Текст книги "Том 2. Въезд в Париж"
Автор книги: Иван Шмелев
Жанр:
Классическая проза
сообщить о нарушении
Текущая страница: 32 (всего у книги 39 страниц)
В тот же вечер написал я первый, после десятилетнего ожидания, рассказ, детский рассказ – «К солнцу». Послал в «Детское чтение». Его напечатали охотно и просили прислать еще. Забыв службу, я писал радостно и легко, невидя, – «в голубизне». Жил и не жил, не сознавая. Не задавал вопроса – куда идти? Скоро почувствовал я силу сказать жене: «кажется, я нашел, что надо… надо бросить службу». Она сказала спокойно, твердо: «я на все готова, лишь бы тебе было хорошо». Не зная, что ожидает нас, она с верою приняла открывшийся неизвестный путь, трудный путь. И ободряла меня на нем всю жизнь.
Думал ли я тогда, у лесной часовни, что все это как-то отзовется в жизни, как-то в нее вольется и определится? И вот, определилось. Связал меня Валаам с собой. Вспоминается слово, сказанное нам схимником о. Сысоем, в скиту Коневском, неосознанное тогда, теперь, для меня, раскрывшееся: «дай вам Господь получить то, зачем приехали». Тогда подумалось – а за чем мы приехали? Так приехали, ни за чем… проехаться. И вот, определилось, что – за чем-то, что было надо, что стало целью и содержанием всей жизни, что поглотило, закрыло жизнь, – нашу жизнь.
Будоражный, зовущий крик журавлей оставил в нас смутно-грустное, неясный порыв куда-то, мечту о чем-то. О чем… – этого мы не сознавали. Мы долго тогда сидели у часовни, в лесной тиши. Верхушки елей тронуло чуть багрянцем, густившимся золотом заката.
– В монастырь пора, чаек-то уж пропустили… – сказал странник, – скоро и к трапезе покличка будет.
И мы пошли, задумчивые, из этого лесного царства, где освящаются дебри часовнями и крестами, где покоятся останки великих духов, где звери смотрят доверчиво, без зла и страха.
XII. В скиту Коневском. – Прощанье. Валаамский дар
Мы едем в Коневский скит, – во имя Божией Матери Коневской, верстах в шести от монастыря. К крыльцу гостиницы подан тарантас, запряженный сивой лошадкой. За кучера – монашонок-карел, «молчальник». Он всегда возит о. игумена и сидит на козлах по уставу: со страхом и трепетом. Во всю дорогу он не произнес ни звука. Лошадка неторопливая, ленивая, могла бы и походчей идти, но кнуток Валааму неизвестен: «блажен иже и скоты милуяй».

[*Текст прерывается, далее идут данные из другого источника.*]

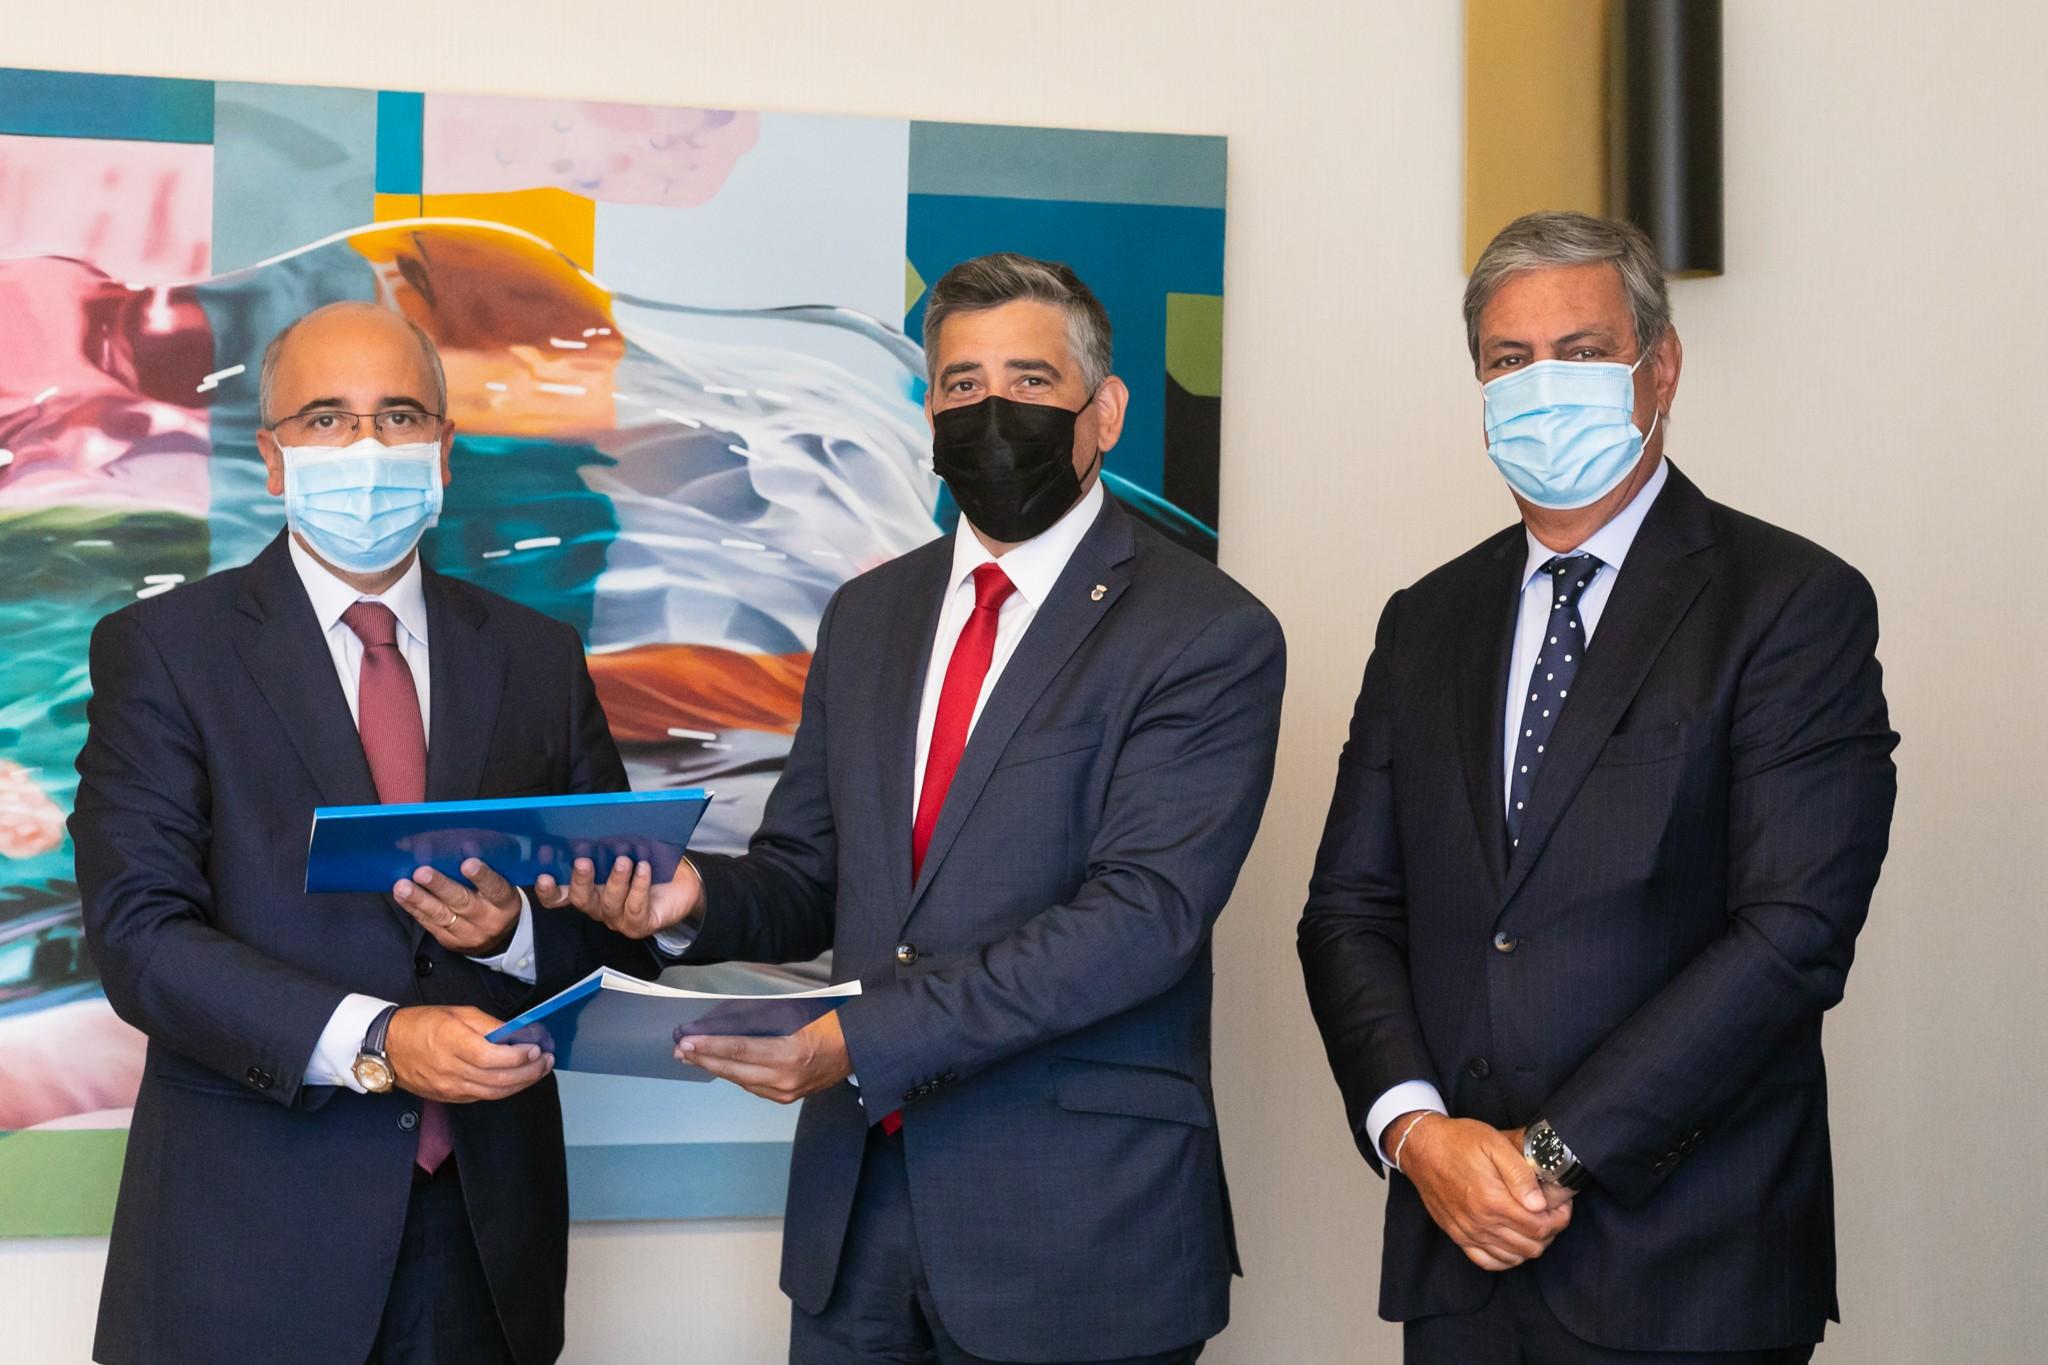 Município e AEP assinam protocolo para apoio à internacionalização das empresas de Santo Tirso

Погода серенькая, дождливая: унесли лето журавли. Едем лесом. Остро пахнет грибами, осеннею горьковинкой хвои. Намокшие лапы елей цепляют нас за шляпы и осыпают дождем. Неуютно теперь в лесах. А как пойдут настоящие осенние дожди да бури, леса зашумят-завоют, повалят лесные буреломы, – жутко тогда в лесах. А отшельники по глухим скитам будут выстаивать ночи на молитве, а днями колоть дрова и собирать валежник. А рыбаки-монахи на своих древних ладьях выйдут на бурную Ладогу закидывать свои сети-мрежи; на кирпичном заводе трудники будут мять мокрую глину на кирпичи, каменотесы – ломать на горах гранит; машинист-монах пойдет на качливом «Валааме» за многие версты на дальние острова. Бури, ливни, метели, – все едино: Валаам не остановит своей работы-служения «во имя» подвижнических трудов, молитв. К полунощнице – движутся старцы по сугробам, лесам, проливам. Светит им Свет Христов.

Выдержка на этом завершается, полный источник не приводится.